Choć ogólnie pojedynek nie niósł ze sobą żadnego ciężaru gatunkowego, dla jednego z zawodników miał on szczególne znaczenie. Tym graczem był skrzydłowy, a zarazem kapitan opolan Wojciech Knop, który rozegrał ostatni mecz w karierze.

31-letni zawodnik od początku udowadniał, że pragnie hucznie pożegnać się z boiskiem. Jego cztery trafienia już po około kwadransie wyprowadziły Gwardię na prowadzenie 10:5.

Ekipie z Wrocławia nie można było zarzucić braku zaangażowania, ale w grze ofensywnej wychodziło jej niewiele. W ogóle nie układała się po jej stronie choćby współpraca z obrotowym Danielem Piłatem. Jedynym, który z wysoką skutecznością rzucał na bramkę opolskiej drużyny, był Jakub Łucak.

Mimo niekorzystnego przebiegu zdarzeń, trener gości Piotr Przybecki nieprzerwanie motywował swój młody zespół do walki. Im bliżej było do końca pierwszej połowy, tym większą liczbę juniorów posyłał do boju.

Ich małe doświadczenie w grze na najwyższym poziomie wykorzystywał między innymi Mateusz Jankowski, poczynający sobie z ogromną swobodą na kole. Między innymi dzięki jego golom gwardziści schodzili na przerwę z prowadzeniem 18:13.
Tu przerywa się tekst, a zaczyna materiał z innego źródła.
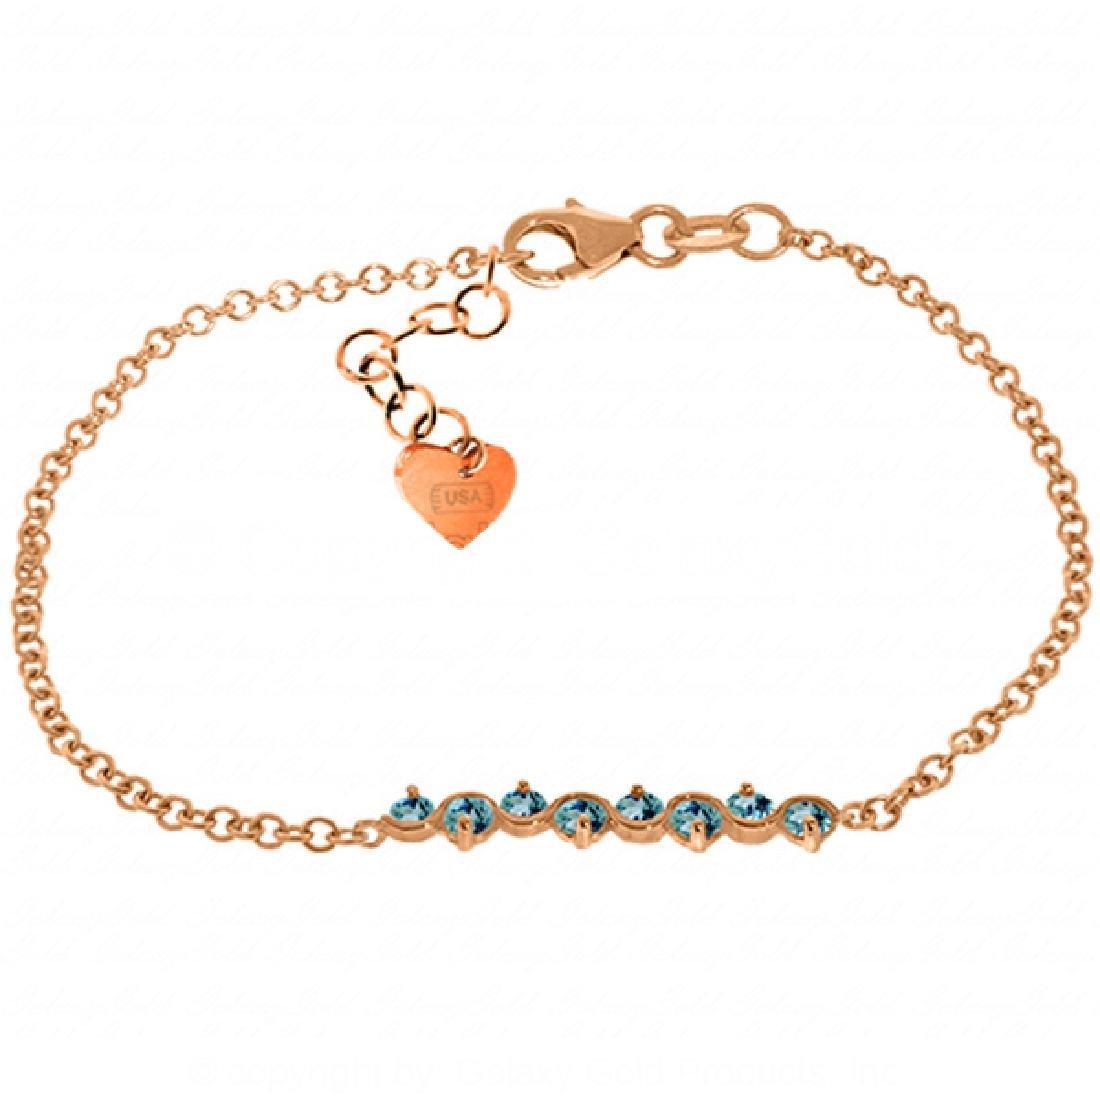 Genuine 1.55 ctw Blue Topaz Bracelet Jewelry 14KT Rose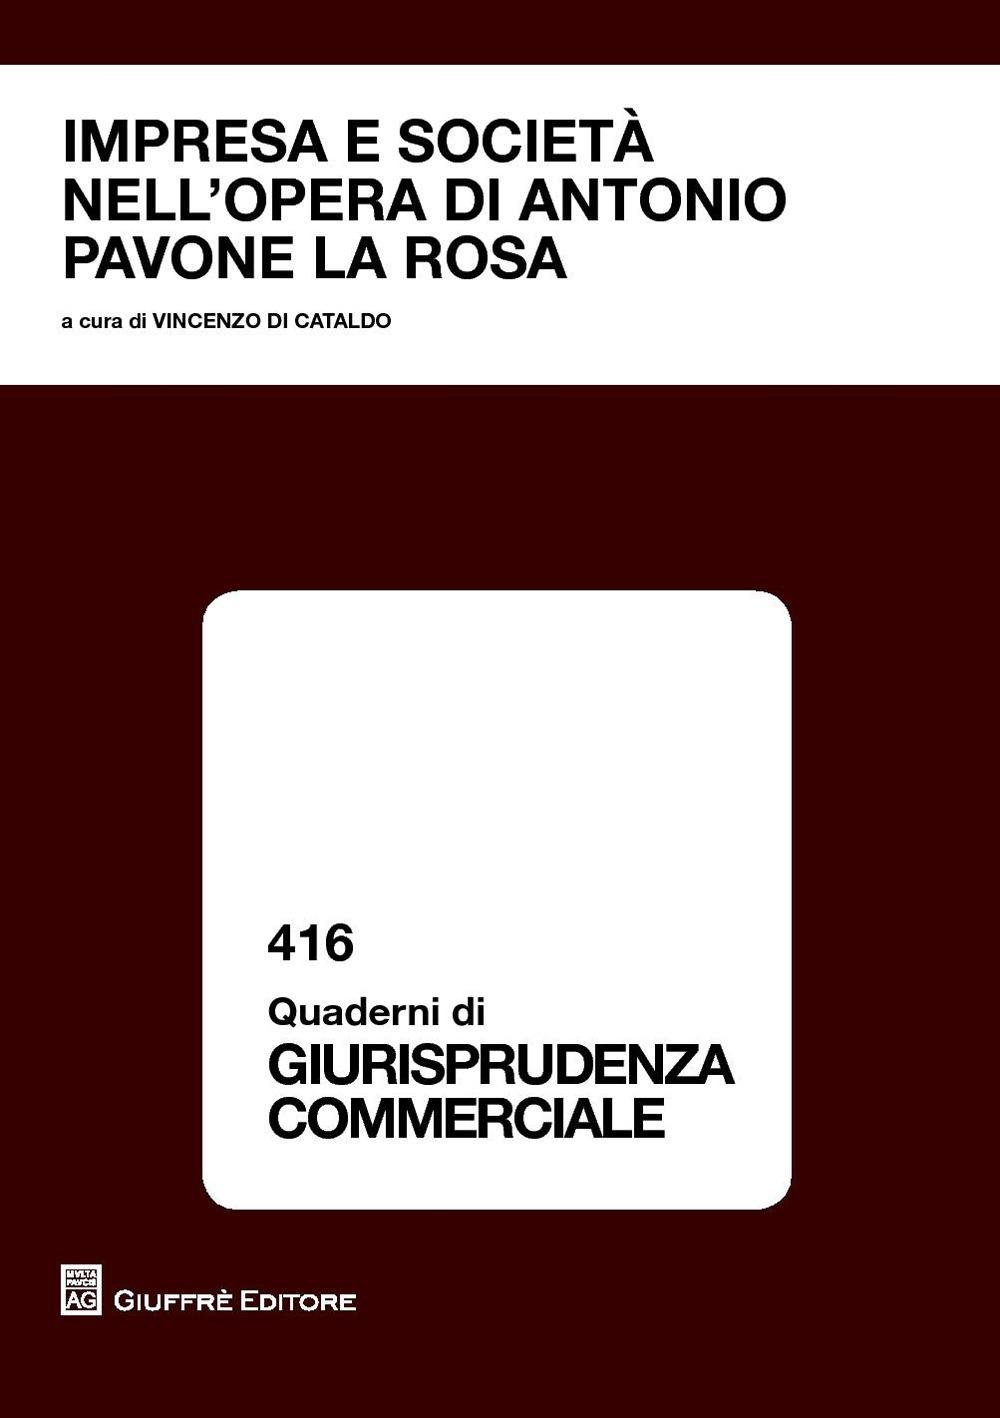 Impresa e societànell'opera di Antonio Pavone La Rosa. Atti del Convegno di studio (Catania, 23 ottobre 2015)

Tuż po wyjściu z szatni podopieczni Rafała Kuptela tak podkręcili tempo, że w czasie 12 minut odskoczyli rywalom już na 11 bramek (27:16). Bramkarzy wrocławian z łatwością zaskakiwali rozgrywający Kamil Mokrzki i Antoni Łangowski, a także obrotowy Mindaugas Tarcijonas.

Widząc absolutną dominację swojego zespołu, szkoleniowiec opolan dał szansę dłużej pograć młodym zawodnikom. Najwięcej minut otrzymali bramkarz Mateusz Zembrzycki i skrzydłowy Karol Siwak, który zakończył potyczkę z dorobkiem 2 trafień.

W dalszej kolejności na boisku zameldowali się Piotr Komisarczyk oraz Maciej Stańko. Obaj zanotowali po jednym golu - pierwszy w wymienionych rzucił go z prawego skrzydła, drugi z koła. Gracze z Wrocławia nie byli już w stanie choćby minimalnie zniwelować strat. Mecz zakończył się wygraną Gwardii 38:26.

Gwardia Opole - Śląsk Wrocław 38:26 (18:13)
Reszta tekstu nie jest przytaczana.